"She refused to be bored, chiefly because she wasn't boring." Zelda Fitzgerald

Thursday, June 10, 2010

Steinbeck is the Man

A and I read together, its one of the ways (as discussed in this post ) that I manage to fit literature into my life. We read on the daily commute occasionally, we read on long road trips and we sometimes even read in the evenings while we take turns getting ready for bed or after the little ones are down for the night instead of a movie or some other relaxy activity.
"Steinbeck's slippers" shoved under a quilt covered bed at the Steinbeck Museum
We both really love Steinbeck and our recent trip to California only reminded us. Excitingly, we have not even come close to reading his works and so there's still a lot out there to discover. We talked a little during that trip and then recently, when we finished our latest read about how we'd love to read more Steinbeck and, which one should we pick for our next tome?

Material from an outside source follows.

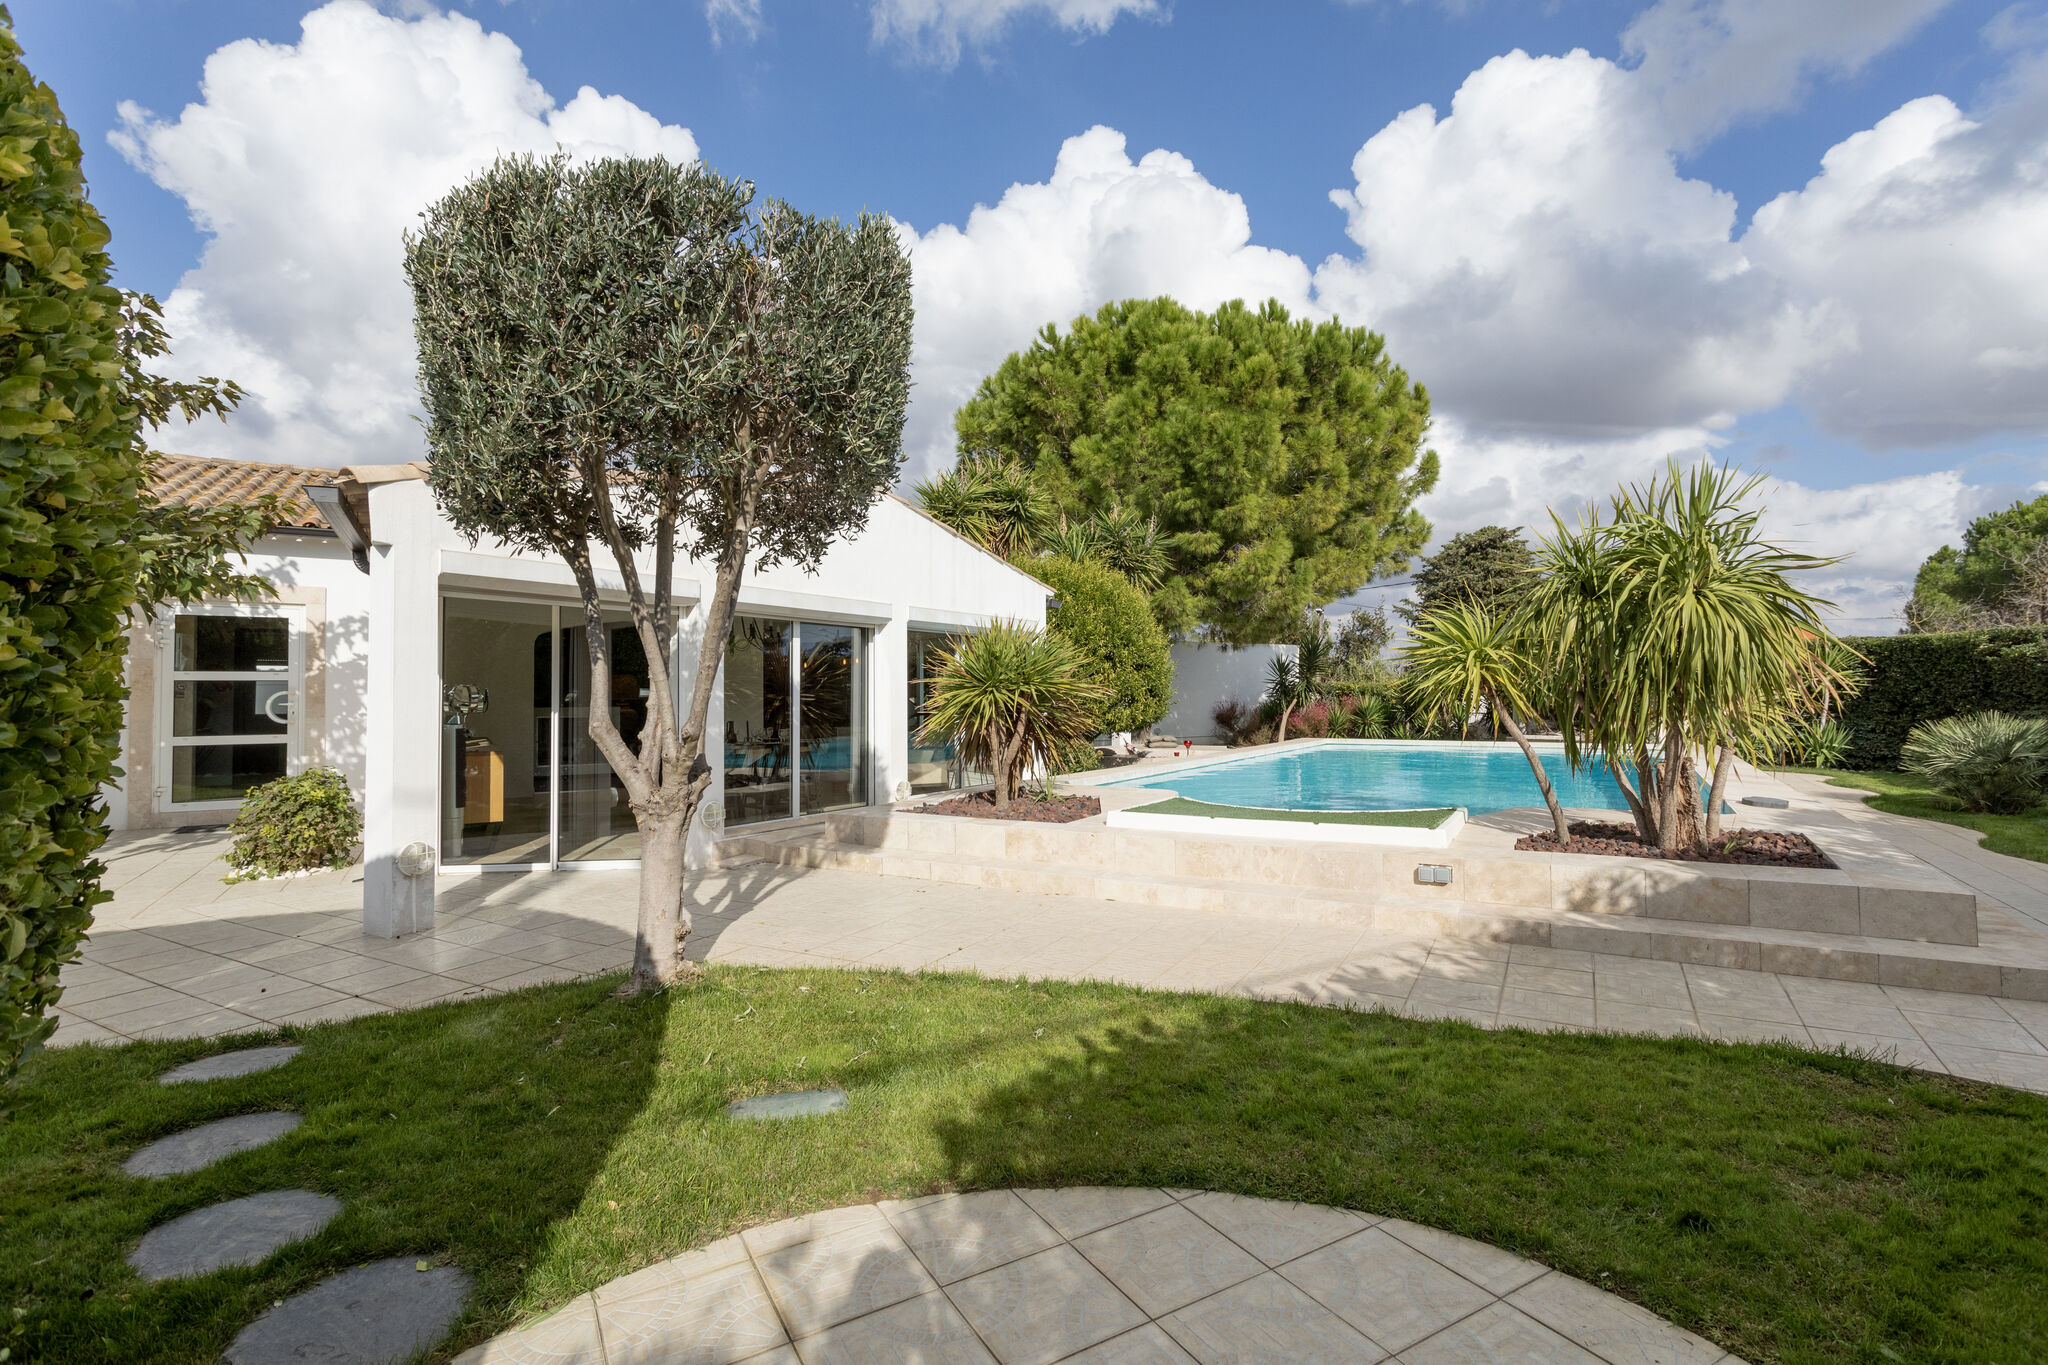 Vrijstaand vakantiehuis in Narbonne met een privézwembad

A had never read The Grapes of Wrath. Never read it! Really! He's a very well-read guy so this kind of discovery is quite astonishing. I had read it which immediately made me feel very cool. (thank you public high school English teacher) These little moments of achievement in which I have done something intelligent that A hasn't are the kind of things we hold onto. *grin*
Dustbowl ephemera from The Steinbeck Center in Salinas
Even though I'd read it once and I'm not the kind of person who re-reads anything....ever. Still, I was more than happy to pick it for our next read-aloud. I loved the book the first time around and I know how much fun we both have reading Steinbeck together and I'm certain A will love it which will make it a complete joy to live through again as a couple.

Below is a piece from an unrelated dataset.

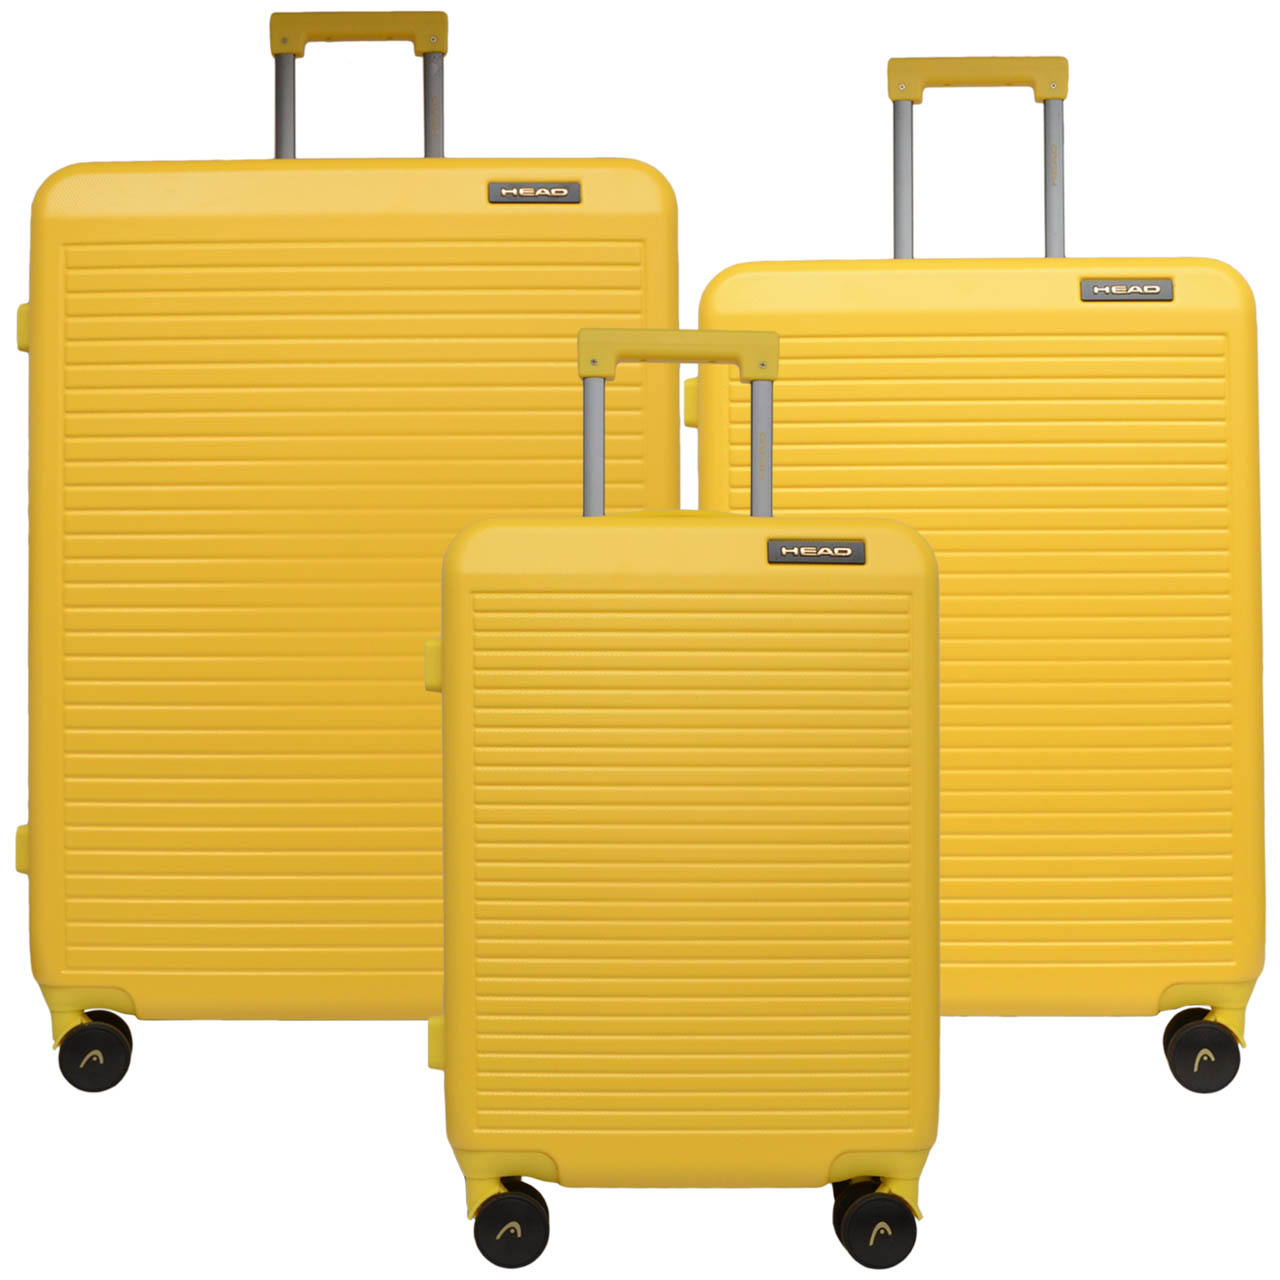 نکته خرید - قیمت روز مجموعه سه عددی چمدان هد مدل HL018-2 خرید

So, this week the copy we ordered off of Amazon arrived in the mail and we ripped it right open in the van and proceeded to make story-hour out of the traffic jam we were stuck in on our way home. Such fun. I really love Steinbeck. And folks, granted, I'm still rather deeply hormonal but still, I was crying within pages of the front cover. The man is a word wizard with such an empathetic and beauty probing gift that I can't help but wish we had time for one long non-stop reading time. It was so hard to see our driveway approaching and know that it was time to wrap it up. I've been salivating ever since about when we'll get another little moment to dive in again.
Steinbeck quote about our local area

And today, thinking about the whole story and the characters (I do love Ma Joad) I was stumbling around through YouTube and discovered accidently that Woodie Guthrie, one of those golden American songwriters had a similiar fascination. He wrote several rambling songs, set to plucky guitar accompaniment that are on the subject of The Dust Bowl, the Great Depression, Tom Joad himself, and the migrant workers that Steinbeck was so absorbed by. Enjoy the following:

Also, check out this amazing painting by artist Ashley Cecil who was commission by Oxfam to illustrate the poverty of modern farmers in the third world. Love the brilliant colors, the swirling dust coming from the bowl of the harvesting woman and elegant use of emotion. Lest we forget, The Dust Bowl was not just a quaint event in American history, it has just rolled on to other places where mothers still struggle to feed their little ones and the hand to mouth life drives families on in desperation.

And folks, if you somehow managed to escape school without reading Grapes...do yourself a favor and pick up this brilliant bittersweet American masterpiece. I also highly recommend Travels With Charley and Of Mice and Men.